According to Jesse Ball, a writer in the latest issue of GQ Magazine, the Bible is an overrated and boring book. In fact, the 39-year-old novelist and poet went on to characterize the Old and New Testaments as “foolish,” “repetitive” and “self-contradictory,” among other things.
Understandably, Jesse Ball’s assertions have stirred up significant controversy. But this isn’t the first time that the Chicago-based writer has made curious, perplexing and outlandish pronouncements. For example, just last year he suggested that every American should be put in a maximum security prison once every ten years – for up to ninety days at a time.
Why?
According to Mr. Ball, this admittedly unconventional exercise “would help ensure that the quality of life within our prisons is sufficient for the keeping of human beings.”
So is he serious about his declarations or just a provocateur in search of publicity?
Doubters and skeptics of the Bible have always existed and Mr. Ball joins a long list of history’s atheists and agnostics questioning the most influential book of all time. Even so, one would hope the editors of GQ would exercise more discretion than to provide a platform for this type of sacrilegious screed. Some have asked whether the popular men’s magazine would welcome a similar piece mocking the Koran. It’s a fair question and one that I think we know the answer to: no.
But what’s fascinating about these and similar charges against the Bible’s authority and timeless wisdom is that the inspired writers of the Holy Scriptures anticipated these very critics thousands of years before they were even born.

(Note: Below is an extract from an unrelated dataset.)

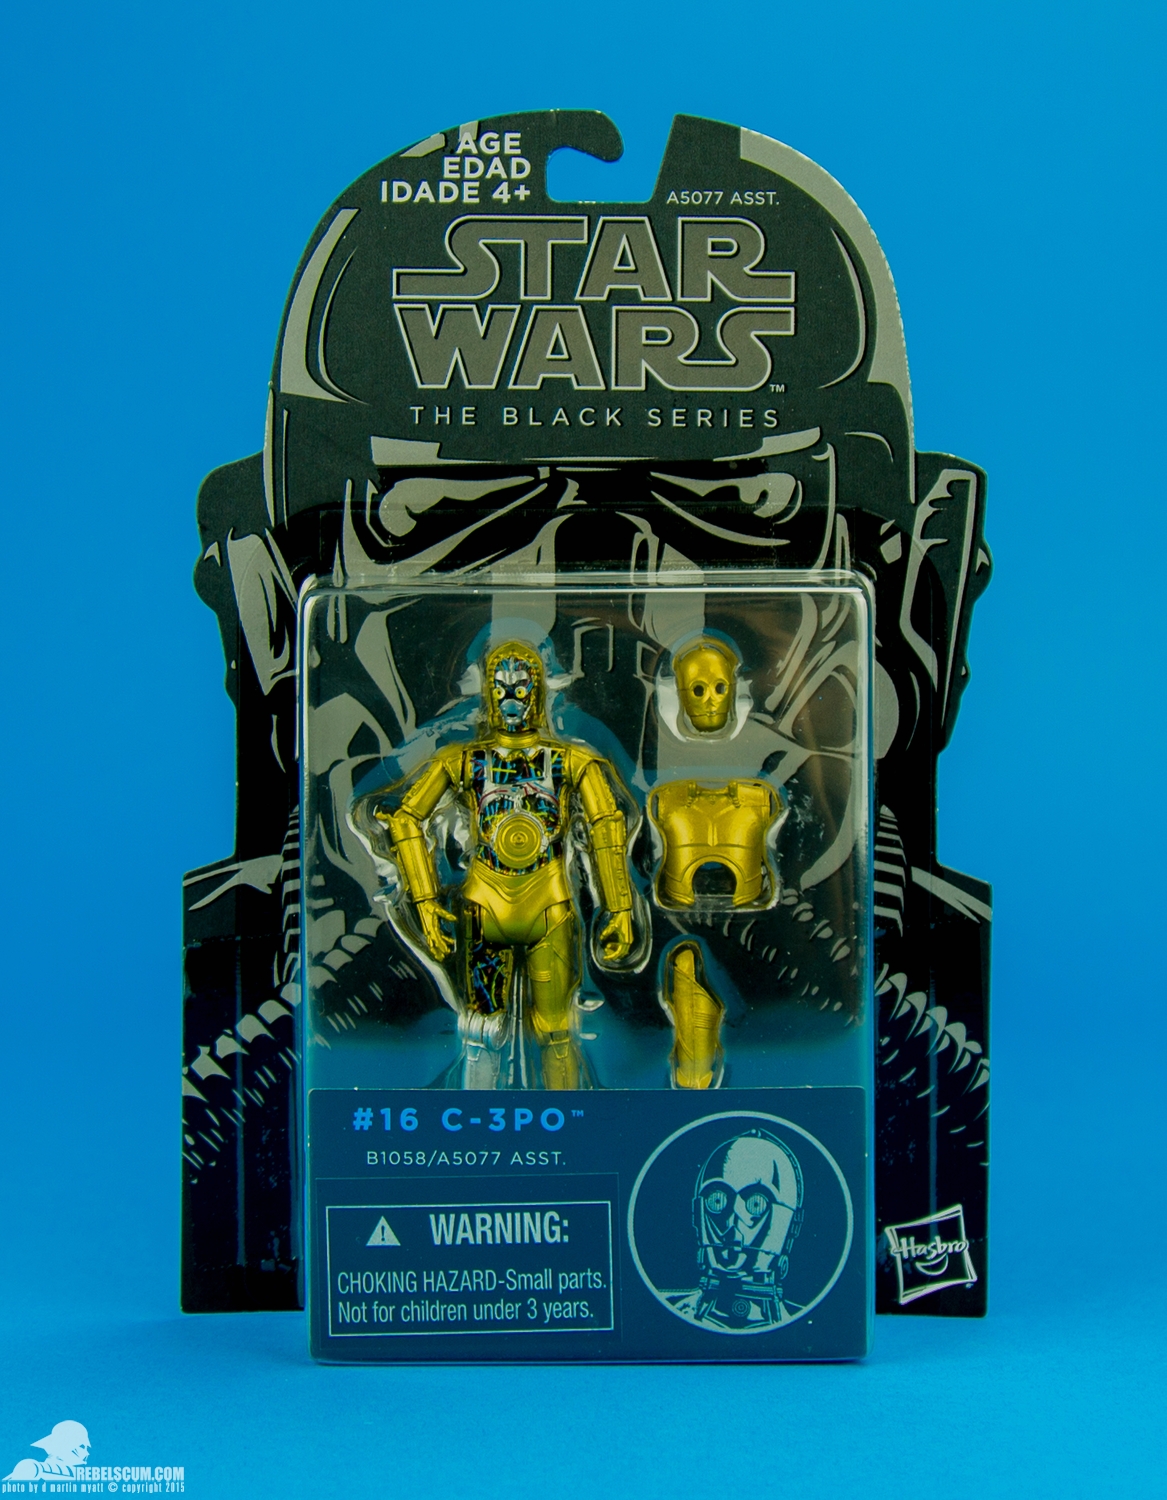 16-C-3PO-The-Black-Series-Star-Wars-009.jpg
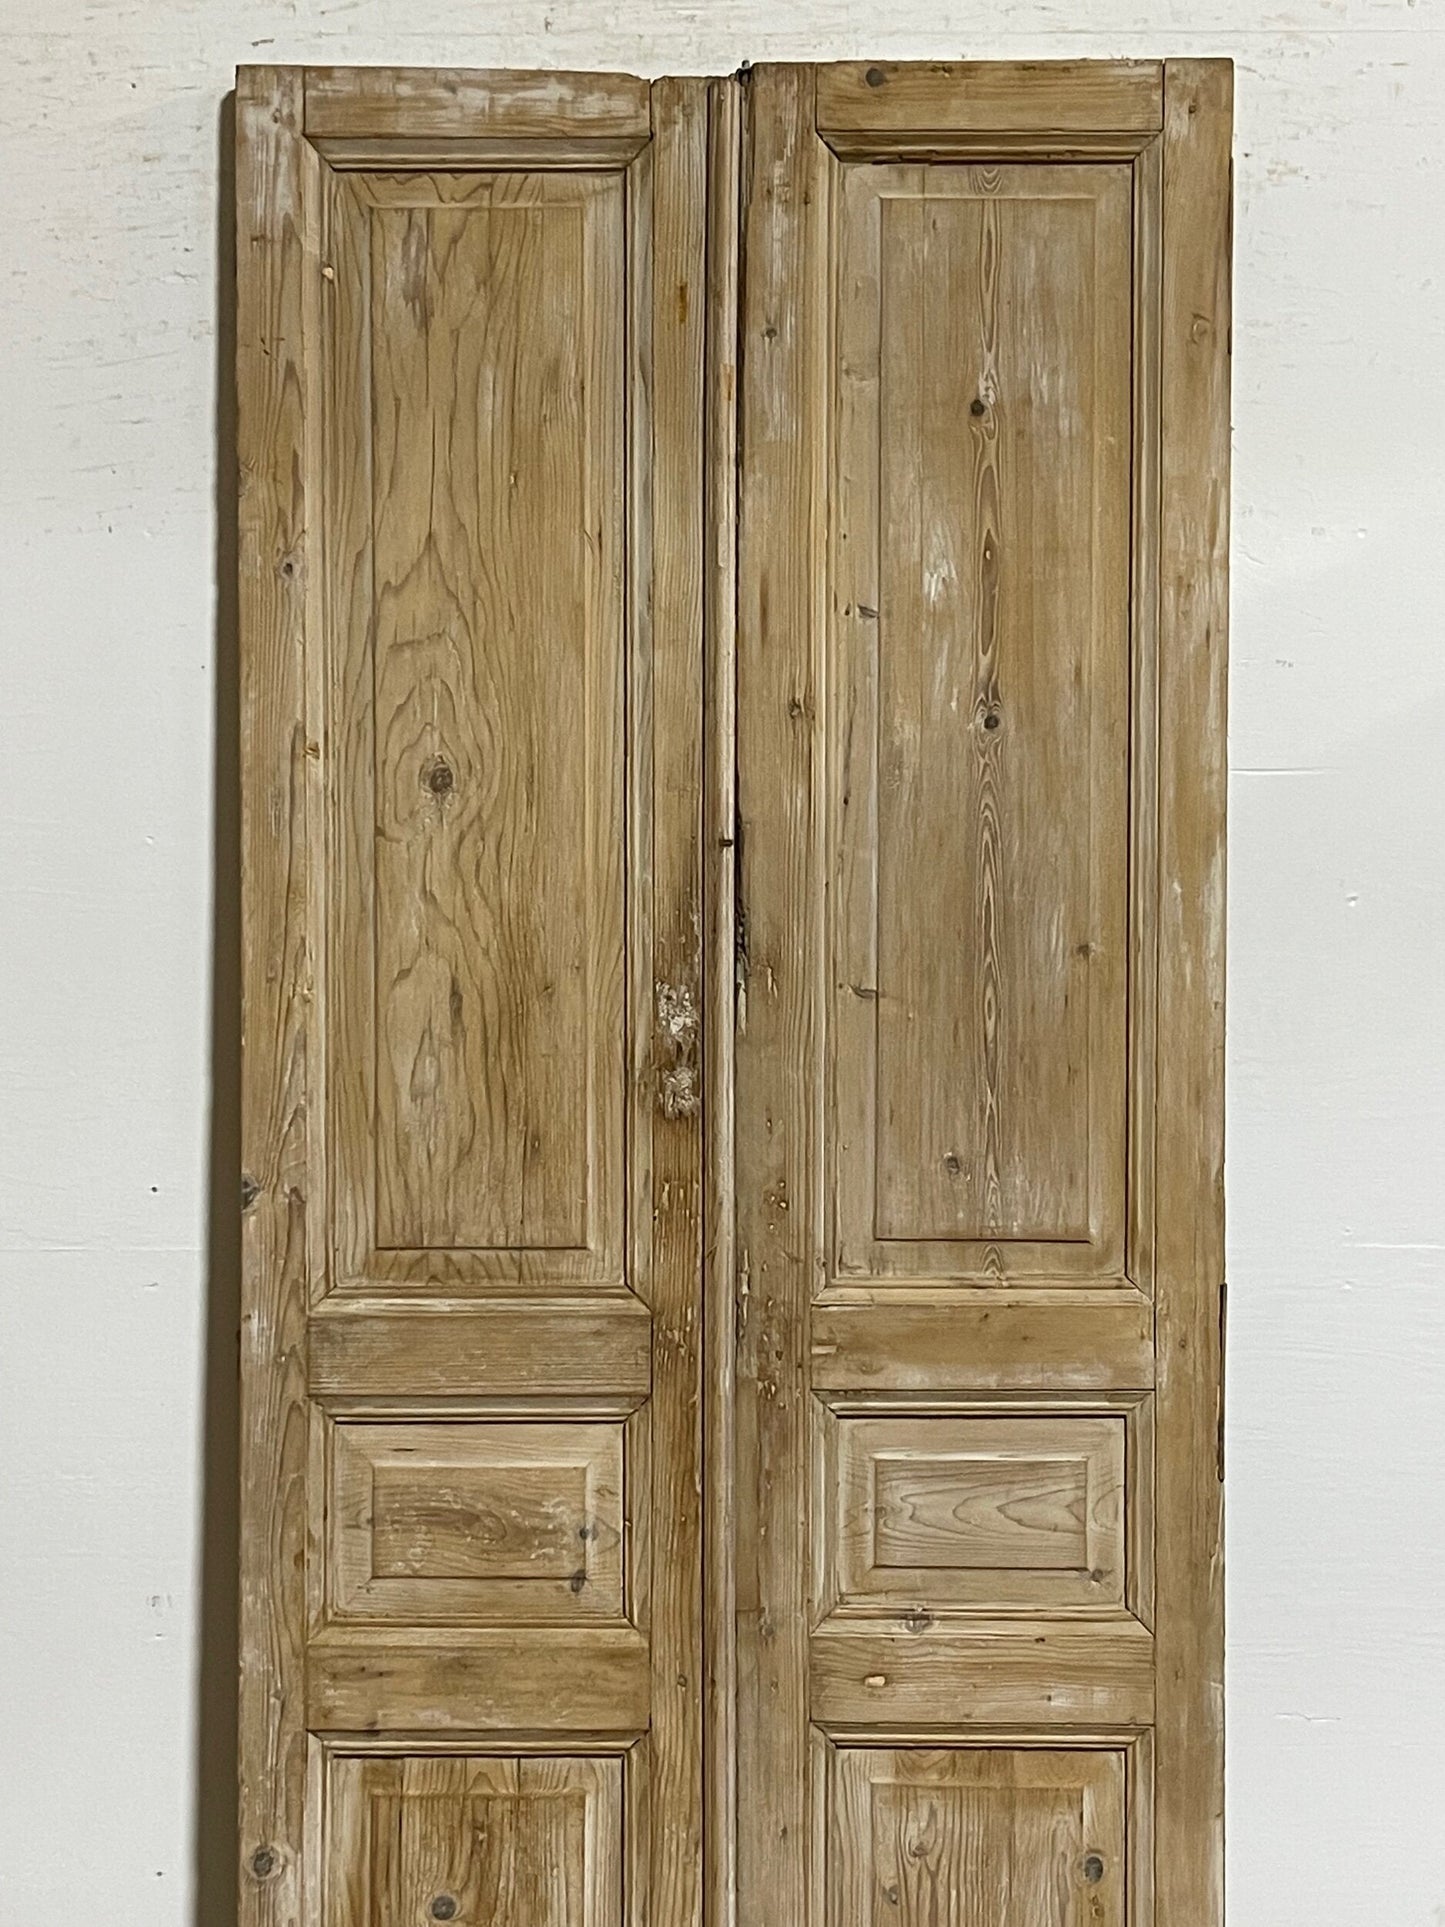 Antique French panel doors (93 x 38.5) I042

“For the word of the cross is folly to those who are perishing, but to us who are being saved it is the power of God,” wrote the Apostle Paul (1 Cor. 1:18). He went on to say, “Has not God made foolish the wisdom of the world” (1 Cor. 1:20). And finally, “But God chose the foolish things of the world to shame the wise; God chose the weak things of the world to shame the strong” (1 Cor. 1:27).
Over the course of history, countless millions have found comfort in the timeless and wise words of the Old and New Testaments. They’ve comforted the grieving, enlightened the curious, emboldened the weak and inspired the doubting. They embody so much depth and richness that not even multiple lifetimes of study could exhaust the treasures to be mined. As someone once said, “The Bible is shallow enough for a child to wade in – and deep enough that a scholar will never touch bottom.”
They’ve changed my life and countless others through the ages – and I suspect they may very well have changed yours.
As I mentioned, criticism of this kind has been around a long time. Once, when a skeptic saw Abraham Lincoln reading his Bible, he asked Lincoln why he would waste his time doing so. Our 16th president replied, “Take all that you can of this book upon reason, and the balance on faith, and you will live and die a happier man.”
I’ve never met Jesse Ball, but the famed evangelist Billy Sunday must have known men of his kind. “The reason you don’t like the Bible,” he once said, “… is because it knows all about you.”
One final thought.
I find Mr. Ball’s call for the mandatory imprisonment of every American to be ironic in light of his apparent atheism/agnosticism. For it was the aforementioned apostle Paul who once referred to himself as “the prisoner of Christ Jesus” (Ephesians 3:1). Of course, Paul wasn’t just speaking metaphorically, but literally, too. He spent considerable time in chains, arrested for the “folly” of his faith and his refusal to renounce his belief in Jesus.
As Christians, we know that every person is given the opportunity to either accept or reject belief in Jesus. When we reject Him and His gift, we slip into a man-made prison of guilt and grief, an unrelenting and unresolvable cycle of discontent. Conversely, when we accept and believe, our chains fall off and we’re freed to live as God intended.
Alas, Jesse Ball and GQ, while wrong, actually got something right. According to the ways of the world, the Bible and Christians are foolish – fool’s for Christ’s sake (1 Cor. 4:10), that is.